Concerning the second point, one of the philosophical foundations of monotheism is perception-reality dualism, which became more explicit in the double truth theory that started in Islam and spread to Christianity. This alone seems to have made it possible for both Galileo and the Vatican to exist and have relevance in the same society, namely because it had become psychologically fragmented. (Psyche is Greek for “mind” or “soul”.) Incidentally, whereas dualism is expressed in monotheism, non-dualism is expressed in monism, which is a trademark of Gnostic and Hindu thought.
Concerning the last point, it is worth noting that while “blind faith” may be seen as a mental self-immolation, it is also considered (particularly within Gnostic and esoteric circles) as a way to access power. Now you may question the sincerity of a belief that is held, as in chaos magick, for strategic ends.
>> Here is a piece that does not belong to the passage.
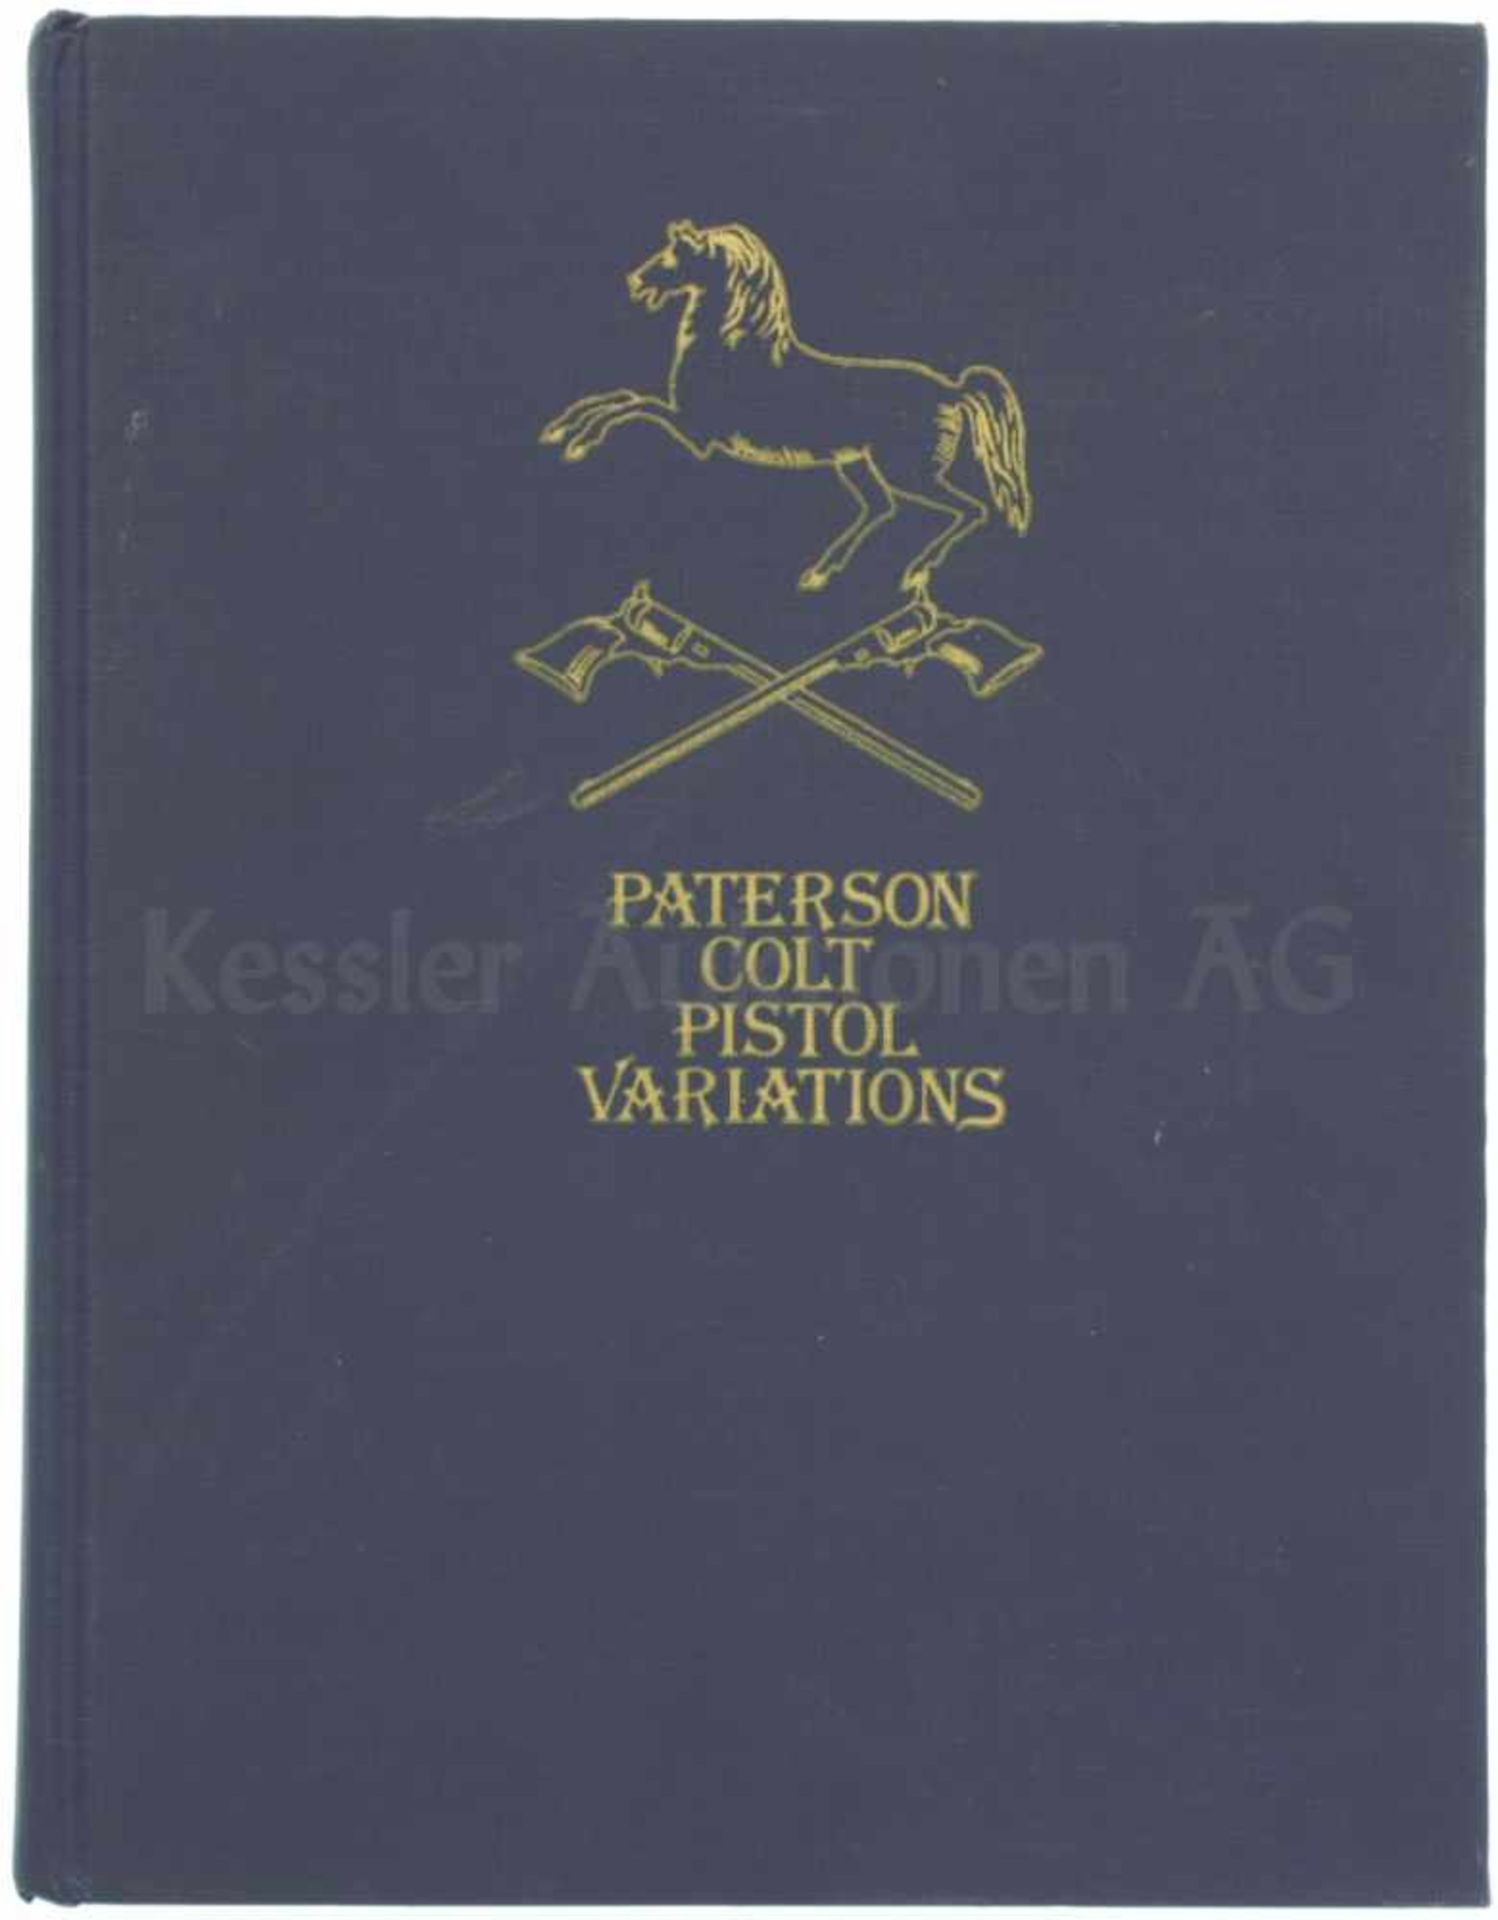 Paterson Colt Pistol Variatons Autoren Philip R. Phillips und R.L. Wilson, 1979, 232 Seiten, in

How can you have your eyes, so to speak, both opened and closed at once? (Does this image underlie the winking or third eye?) But by the same logic we can certainly question the sincerity of a belief that is held, in systematic faith, for heavenly aims.
Is there a creator of material things? Sure, but they are a very contingent and temporary expression of a deeper reality. Gnostics say this creator of matter, whom the Bible calls the Mighty One, was a child of Wisdom, conceived not in love but in loneliness. They seek reunion with Wisdom through the pursuit of ideals and the rejection of the faux-reality of flesh and matter.
I liken the major (empire-friendly) faiths to a billion people living one person’s dream. Call me a Gnostic, but I say find your dream, your song, your story. If nothing else, it’ll make you more fun at parties.